%%

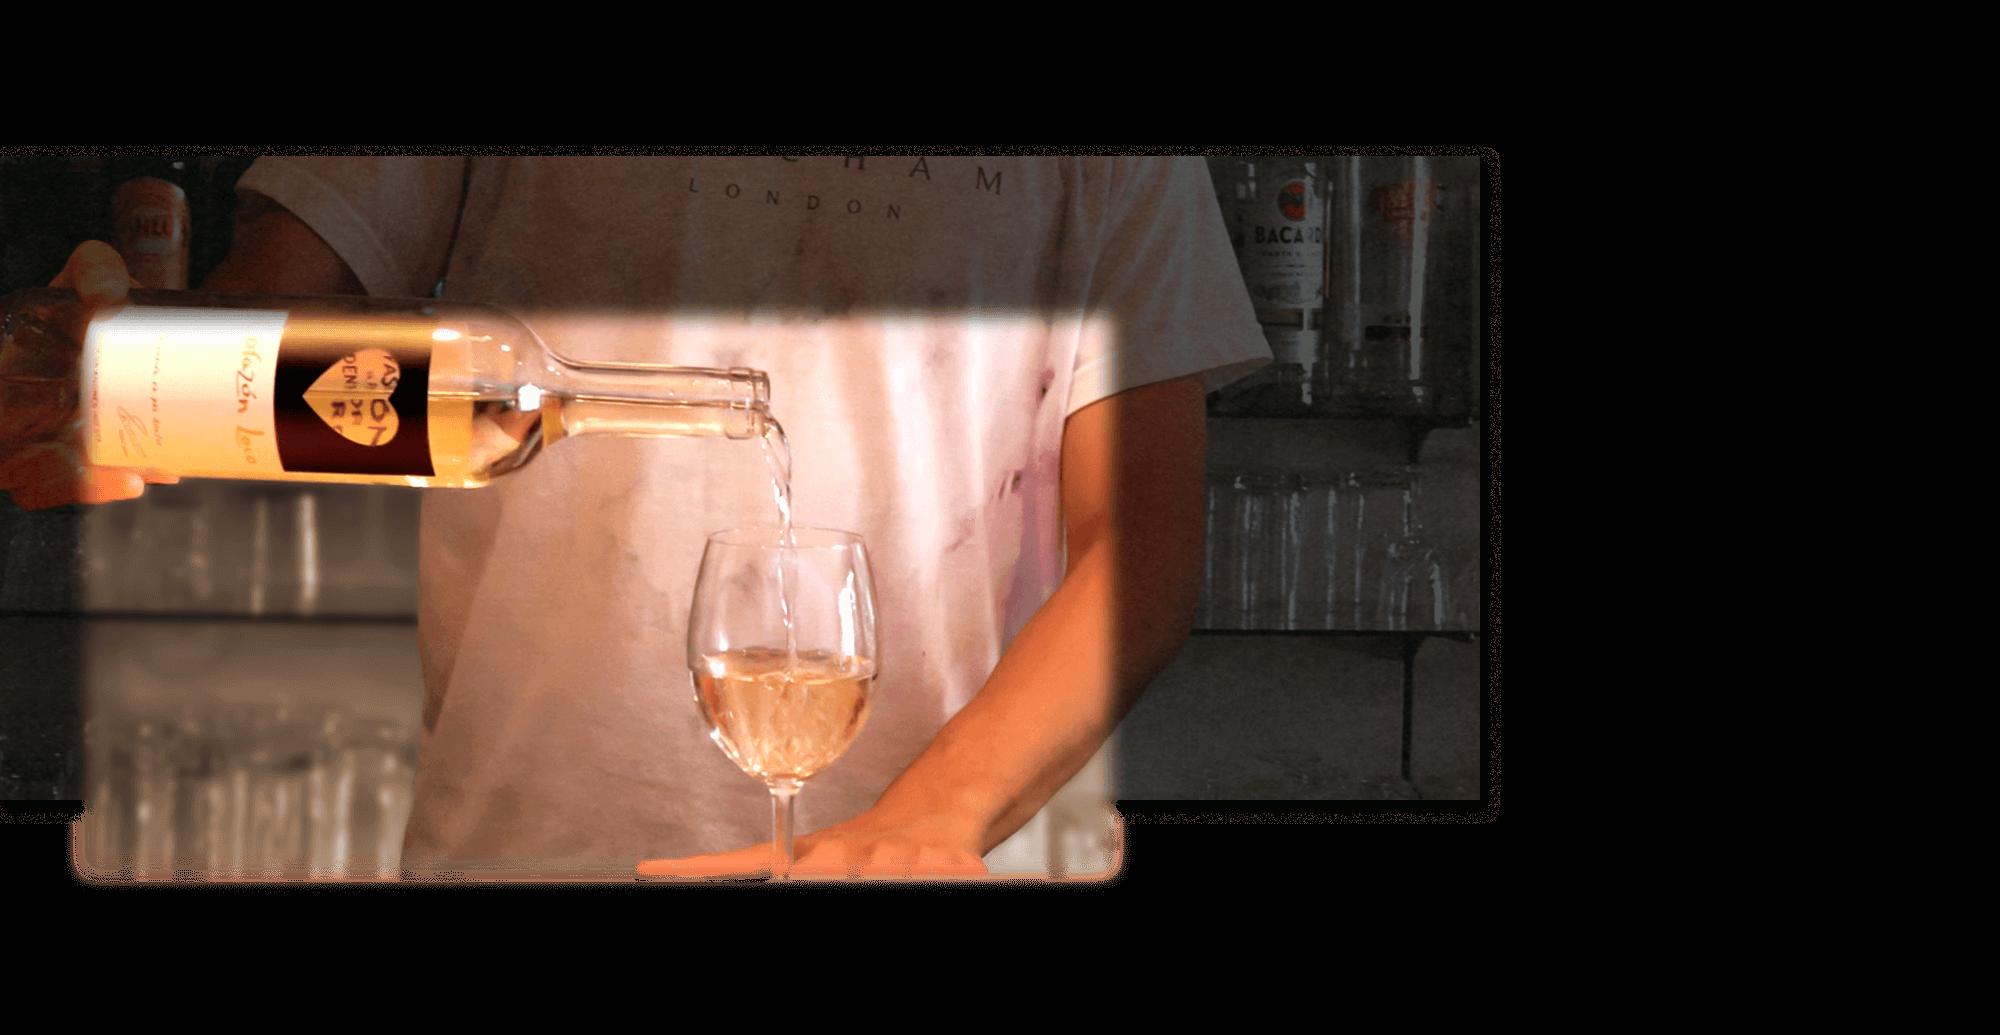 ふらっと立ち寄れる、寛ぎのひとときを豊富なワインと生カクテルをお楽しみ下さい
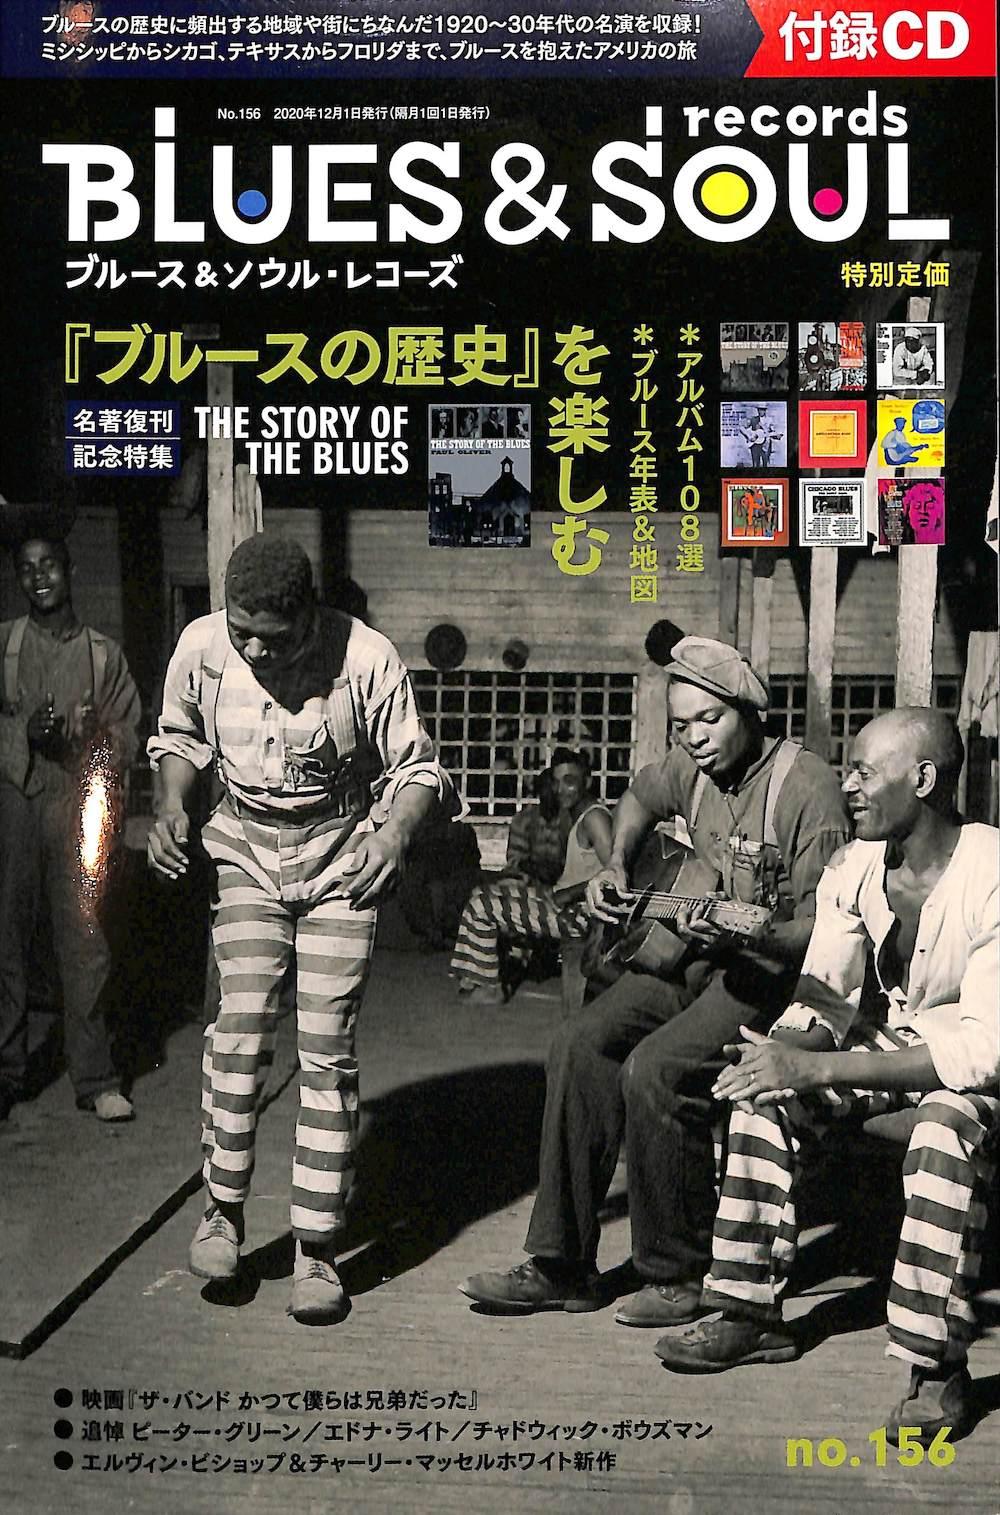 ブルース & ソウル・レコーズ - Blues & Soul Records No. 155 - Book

%%
%%

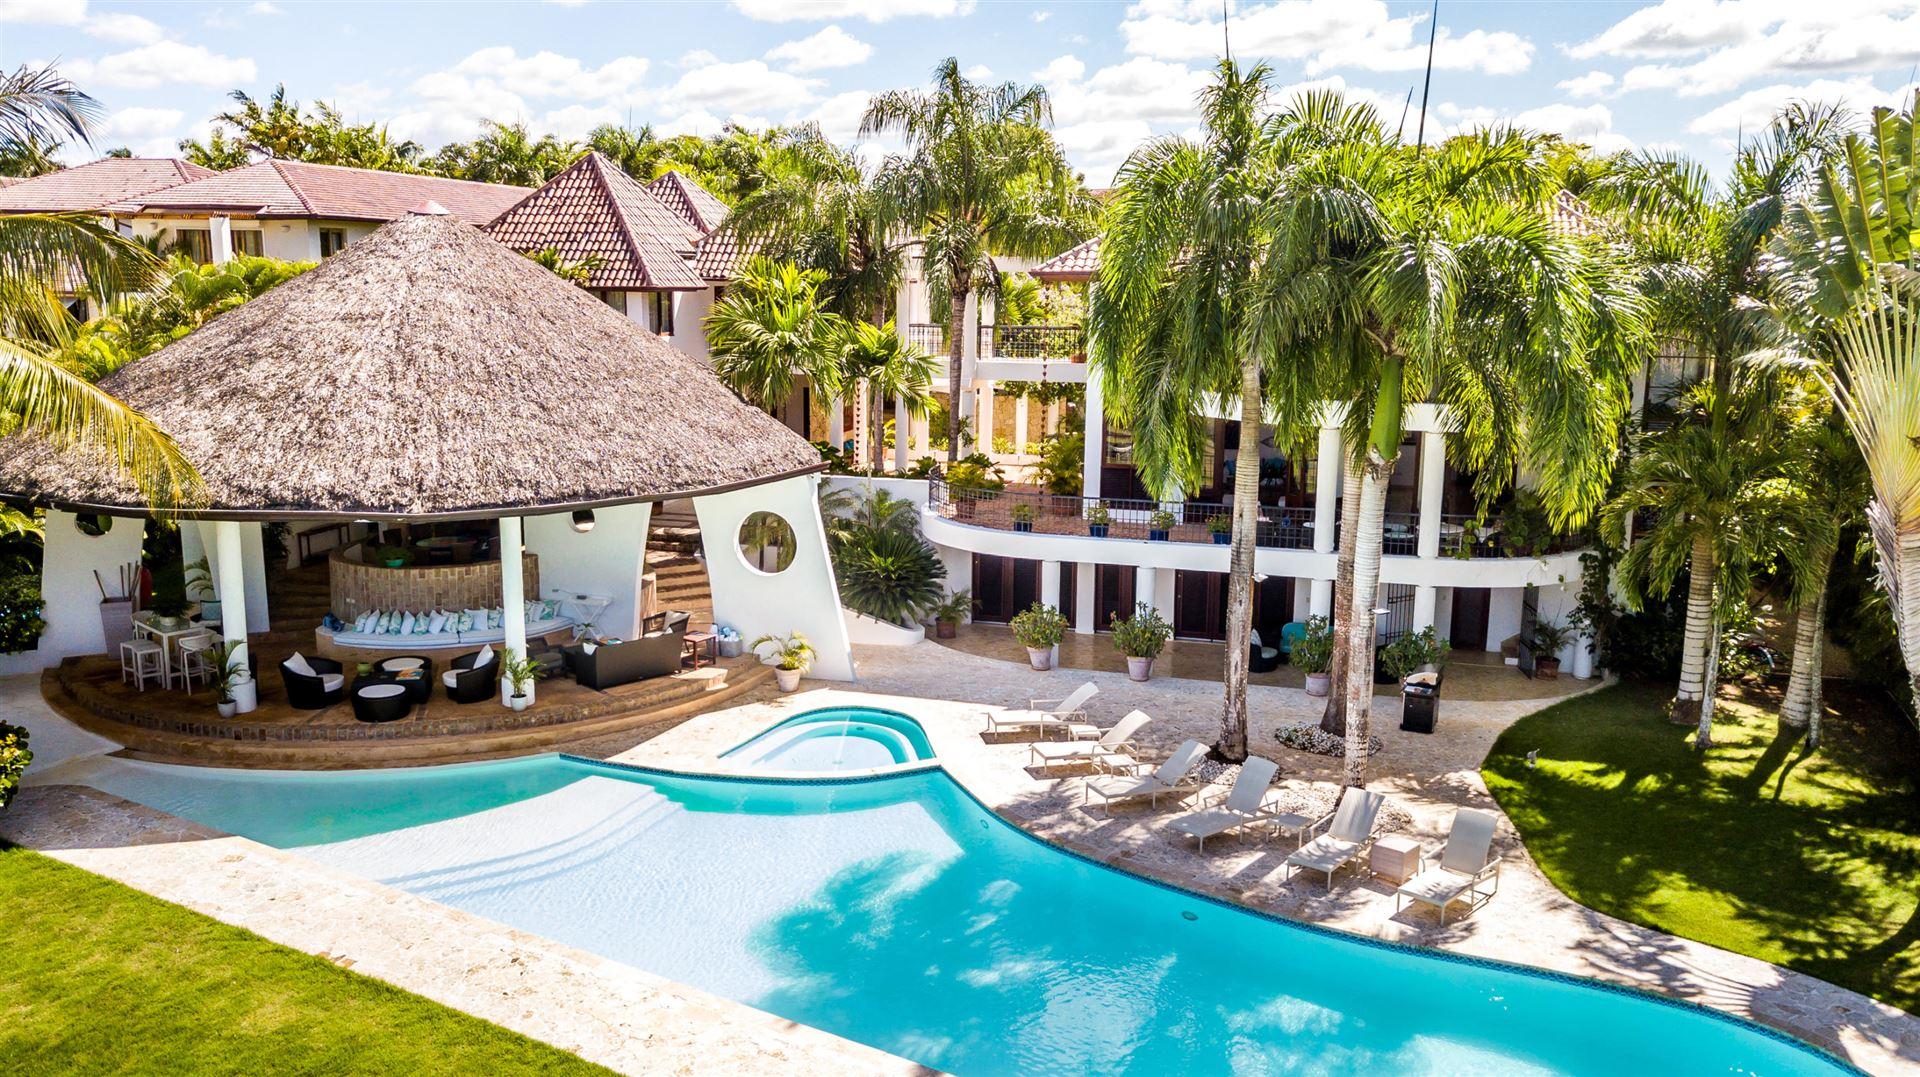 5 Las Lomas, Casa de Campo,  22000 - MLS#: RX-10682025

%%

HOW TO COMPLETE THIS TASK
Between and including the line above that contains "ふらっと立ち寄れる、寛ぎのひとときを豊富なワインと生カクテルをお楽しみ下さい" and the line that contains "ブルース & ソウル・レコーズ", restate every line word for word. Pictures stay out.

SOLUTION FOR THIS PROBLEM
 ふらっと立ち寄れる、寛ぎのひとときを豊富なワインと生カクテルをお楽しみ下さい
 ブルース & ソウル・レコーズ - Blues & Soul Records No. 155 - Book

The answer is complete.